Deteriorating police-black relations were underpinned by the worsening socio-economic and political situation of especially Black youth (a fact recognised by Scarman). During the 1970s, structural changes to the global economy were beginning to manifest in growing unemployment, and a series of industrial disputes. The election of Margaret Thatcher in 1979, with her authoritarian, cost-cutting, neo-liberal agenda, worsened things considerably: the 1980s produced some of the fiercest industrial disputes in living memory, wholesale de-industrialisation and mass unemployment, especially among the young. Black youth, also having to cope with a growing racism and discrimination, were especially badly hit.

'Symbolic locations'

The response of the Metropolitan Police to Scarman was to release figures to show black people were disproportionately responsible for muggings in London. Sir Kenneth Newman, the Metropolitan Police Commissioner, also introduced the idea of targeting ‘symbolic locations’ – places where unemployed (often black) youth, congregate. Although he suggested that this was an ‘underclass’ problem (a prescient remark in the context of the spread of rioting, in the 1990s, to poor white areas), the symbolic locations were all areas of black settlement, one of which, Tottenham's Broadwater Farm, exploded in 1985, after the rough handling of a black woman, Cynthia Jarrett, in a drug raid left her dead from a heart attack. PC Keith Blakelock who became isolated in the mayhem was hacked to death. The 1985 Brixton riots started similarly, with the mistaken shooting of another black woman, Cherry Groce, in a drugs raid. In Handsworth, Birmingham, in the same year, two days of rioting followed yet another ill judged police arrest, and two Asian brothers died in the fire that engulfed their post office.

Changing perception

Although the ancient ‘sus’ laws were scrapped after a successful political campaign, the Police and Criminal Evidence Act 1984 gave police new stop and search powers, on ‘reasonable grounds’. If stop and search powers were central to Black communities feeling over-policed, they also felt under-protected as escalating racial attacks tended to get dismissed by police as not real police work, as ‘rubbish’ work. When Asians took to defending themselves, this led to some highly politicised trials (e.g. Newham 7 and Newham 8) that contributed to a changing perception among police of Asian youth – more political, more troublesome. In 1989, a new Prevention of Terrorism Act with stop and search powers was introduced specifically to combat Irish terrorism. It could be used to search anyone, without suspicion. Increasingly, it was used to stop and search black and Asian youth (These powers became section 44 powers under the Terrorism Act 2000).

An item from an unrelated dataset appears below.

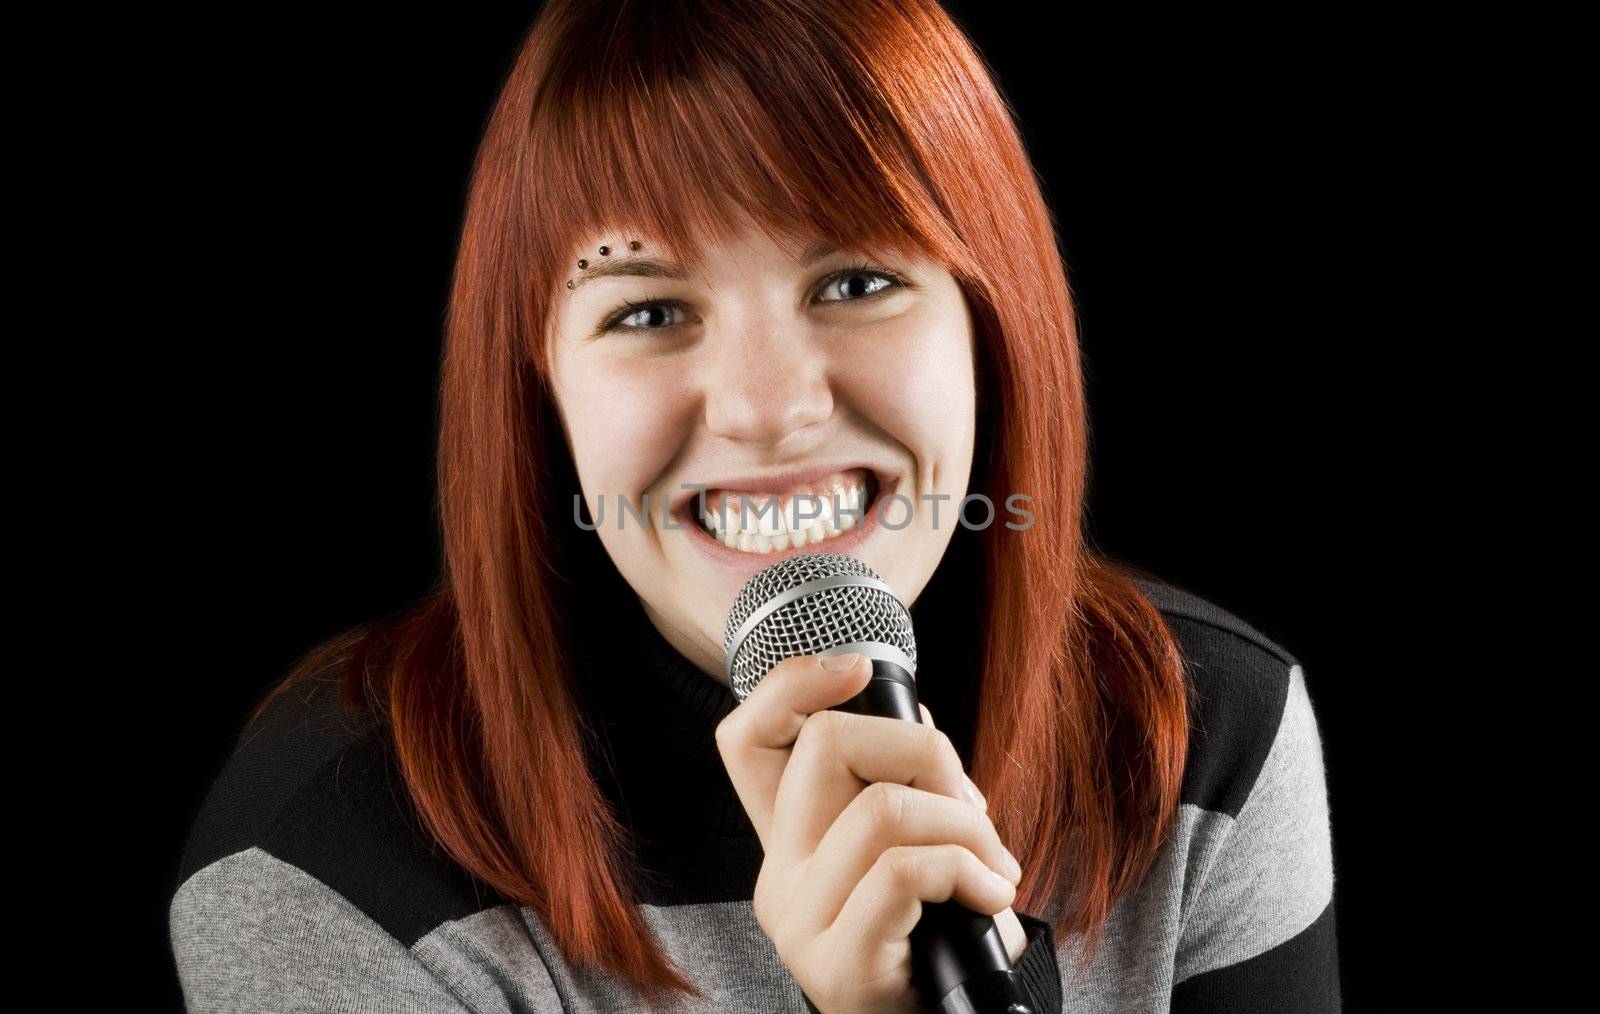 Joyful girl singing on the karaoke by domencolja

Thatcherism outlasted Thatcher, as did the riots. The savage cuts and industrial battles of the Thatcher years had left many more than black youth angry and resentful ‘against the police’. The more overtly political poll tax riots aside, the new riots of 1991 in Cardiff, Oxford and Tyneside were, in their locally specific ways (Campbell, 1993), anti-police riots expressing exclusion and some racism (in the pattern of shops and buildings targeted). Provocative police behaviour led to the spread of rioting to the Asian areas of Manningham, Bradford, in 1995.

The police continued to connect black youth and crime. The Metropolitan Police Commissioner, Paul Condon, publicly stated in 1994 that the majority of muggers in London were black. That same year, police were given more, less restrictive stop and search powers. Section 60 of the new Criminal Justice and Public Order Act 1994 allowed them, under certain circumstances, to stop and search at random. Predictably, use of these powers nearly tripled between 1998-1999 and 2001-2002, with black people and Asians massively over-represented in the figures. The ‘under-policing’ of racist attacks, vividly demonstrated in the indifferent police handling of the racist murder of Stephen Lawrence in 1993, was borne out by the resulting official enquiry that found the police guilty of institutional racism (Macpherson, 1999).

Retaliatory attacks

Summer 2001, like the summers of 1981 and 1991, saw a spate of disturbances, this time in the former northern mill towns of Burnley, Bradford and Oldham. These started after white people attacked Asian homes. Provocative NF marches in the area led to retaliatory Asian attacks on whites. These ‘race riots’ led to renewed anxieties about Asian criminality.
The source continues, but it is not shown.